Any reason why you completely ignored my post about being civil toward other users ... ??

 

szatkus

Honorable
Jul 9, 2013
382
0
10,780


Just read last 100 pages. I think it's a good reason...
 

8350rocks

Distinguished
@Reynod:

I was trying to be civil. It may come off as harsh, but considering the BS we have been putting up with for 50+ pages...it is time to call a spade what it is, a spade.

Some users here have been making wild claims about things that fly in the face of engineering thought and the laws of physics. They have not produced any verifiable proof of such claims and only show marketing slides continually pointing to them as if they were the word of law. I actually do know people at AMD and what I am hearing contradicts much of what he says. I would take their word over his any day. Unfortunately I cannot say more about what is coming, however, I can say that they are not pulling any punches. HEDT is very important to them for the Halo effect.
 

blackkstar

Honorable
Sep 30, 2012
468
0
10,780


He's only discussing theoretical peaks. Reminds me of VLIW a bit. Peak numbers and theoretical numbers derived from mathematical formula love to get thrown around by AMD, Nvidia, and Intel.

But you are right, that will not translate into a raw increase in real world performance, much like adding entire units to Haswell increased theoretical output greatly yet only yielded a small IPC increase.

Diminishing returns for throwing transistors and improving single thread performance are out of hand. It's not worth it on x86 anymore once you reach Intel levels of single thread performance.

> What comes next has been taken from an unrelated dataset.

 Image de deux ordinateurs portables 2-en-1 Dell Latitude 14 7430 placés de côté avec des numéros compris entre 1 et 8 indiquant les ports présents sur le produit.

The only way to go for x86 is MOAR COARS and software is going to have problems going beyond what we have now for a while. Whoever can come up with a good way to use those cores in a way we don't use them now is going to have a field day.
 
HP Stream 14 inch notebook coming soon for $199
http://liliputing.com/2014/08/hp-stream-14-inch-notebook-coming-soon-199.html
mullins is here. according to the article this is only the second mullins based laptop. the price looks good for an entry level windows laptop considering a windows 8 license costs about $90-100. this means that the usual cost cutting will ensue...

ASUS ROG's first AMD FM2+ motherboard ships this month
http://hexus.net/tech/news/mainboard/73413-asus-rogs-first-amd-fm2-motherboard-ships-month/
in u.k.
 

juanrga

Distinguished
BANNED
Mar 19, 2013
5,278
0
17,790


32 is for double precision. I was giving single precision numbers. But it is irrelevant what precision you chose, to caugth Intel AMD would increase the width of its vector units by 8x.

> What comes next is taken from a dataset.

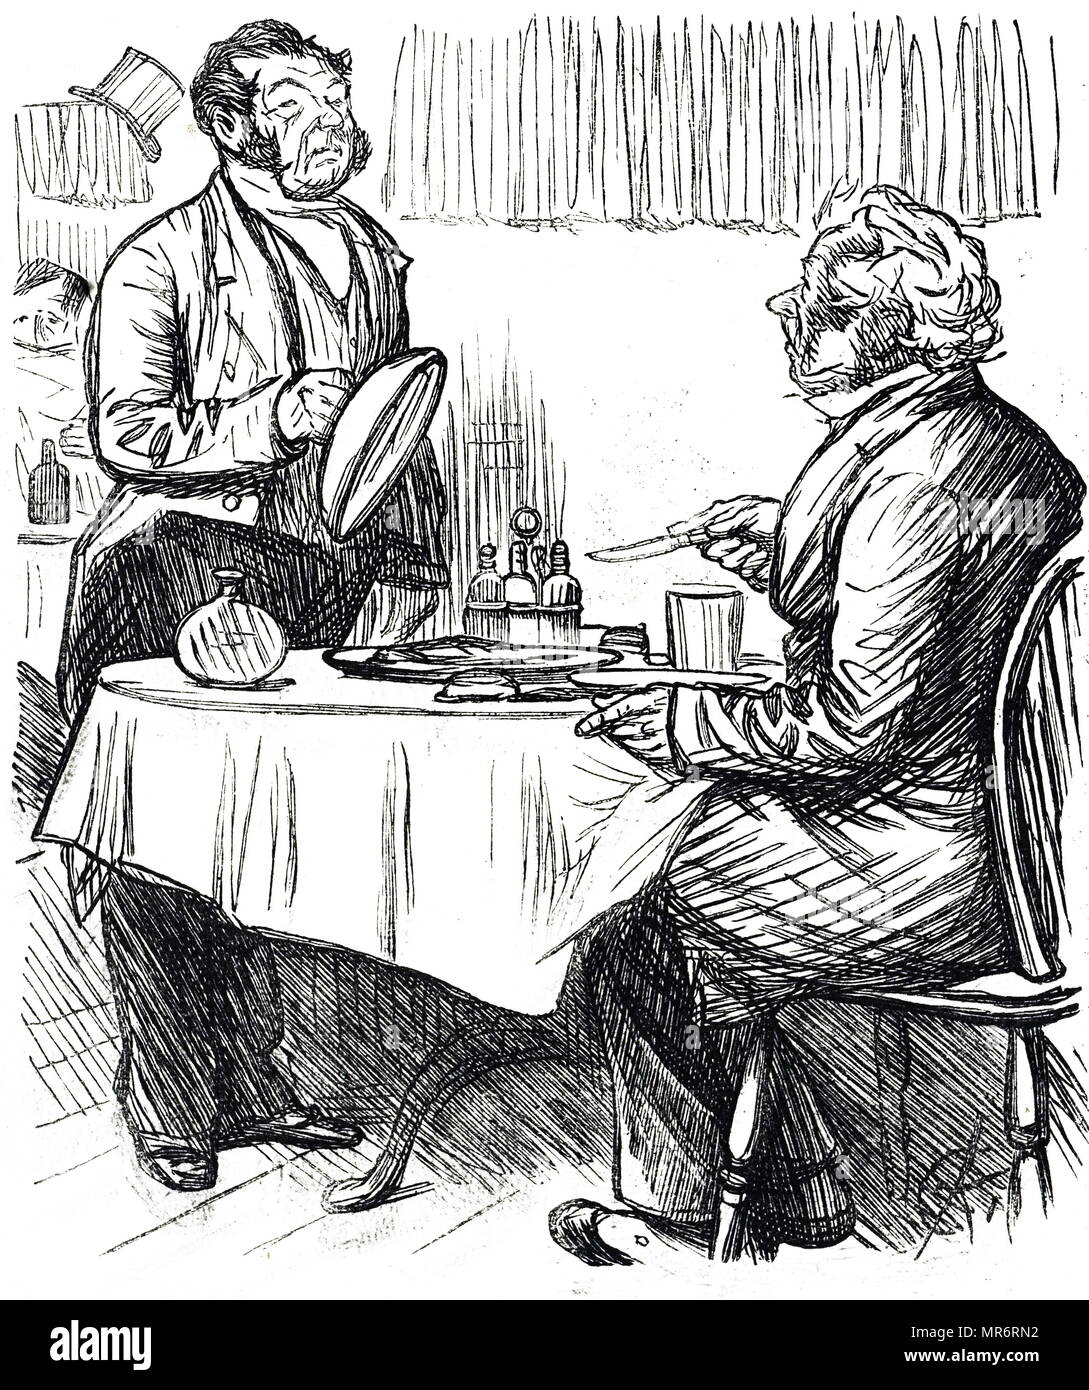 Cartoon comentando la condición de alimentos a menudo servido en Londres casas para comer. Fecha del siglo XIX Foto de stock

Single Precision: Piledriver/Steamroller (8 FLOP/core); Skylake (64 FLOP/core); Intel-AMD gap (8x)
Double Precision: Piledriver/Steamroller (4 FLOP/core); Skylake (32 FLOP/core); Intel-AMD gap (8x)

My "100%" wasn't for AVX code neither for FP code. I explained in a previous post how I got the 100% and for what. Other people is getting a similar number.
 

juanrga

Distinguished
BANNED
Mar 19, 2013
5,278
0
17,790


What is really noticeable is that even AMD admits that the "moar cores" era has finished

hsa_history_large.jpg


We will see 8-core APUs and some 12/16 core CPUs for servers and similar stuff, but the moar cores era is achieving the performance plateau and future designs will be pivoting around HSA.
 

jdwii

Splendid
At least juan admits its a completly useless measure of performance that he uses. If everything mattered only in flops a GPU from 2006 would be superior in everything compared to a I7 in reality that isn't true.
 

griptwister

Distinguished
Oct 7, 2012
1,437
0
19,460
More Cores on x86 I believe will always only be for the enthusiast and workstation crowd. But for basic public, I think there'll soon be 8 core minimum. As single thread continues to improve, There will be more cores added until the CPU can be completely replaced. It's an on going trend that we see... the doubling of transistors, the doubling of memory, the doubling of cores. It's a cycle in the PC world.

The fallacy of Juans argument is that he's claiming dGPU's and "More Cores" are going extinct. But reality is proving that Juan's logic wrong. I'm not saying dGPUs and dCPUs will be around forever, But I don't think APUs will ever make the high end. Neither will ARM. ARM isn't seeing better numbers than x86 on the highend market...

After you hit the wall on single thread performance the only way is more cores... If x86 is hitting a wall. ARM will do the same eventually... and if the performance isn't as good as x86, what's the point of having an ARM chip in a desktop PC? It makes no sense.

I'm not the most educated person in this thread. But it's common sense to see that Juan is wrong. I'm not making a personal attack. It's just really annoying to see someone so hell bent on saying they're right. He's the hipster of the PC world. Haha, He believed in ARM before it was cool. There's no doubt in my mind that HSA and ARM will take off... Just not to the extent that Juan is claiming. Especially with all these new Technologies on the rise.

This is my own opinion.
 

jdwii

Splendid


I agree 100% with you except with those 2 bolded statements, the doubling of cores can't continue forever over fabrication issues also 8 cores minimum might be true on smart phones and tablets but i doubt it will be for laptops or desktops for a long time if ever unless the cores are tiny. Amd might be going for high core counts but intel doesn't need to. I'm hoping for a day when Intel makes quad cores become the new I3 and I5's become the new Quad with HT and the I7 is a 6 core and the I7 extreme is a 8 core.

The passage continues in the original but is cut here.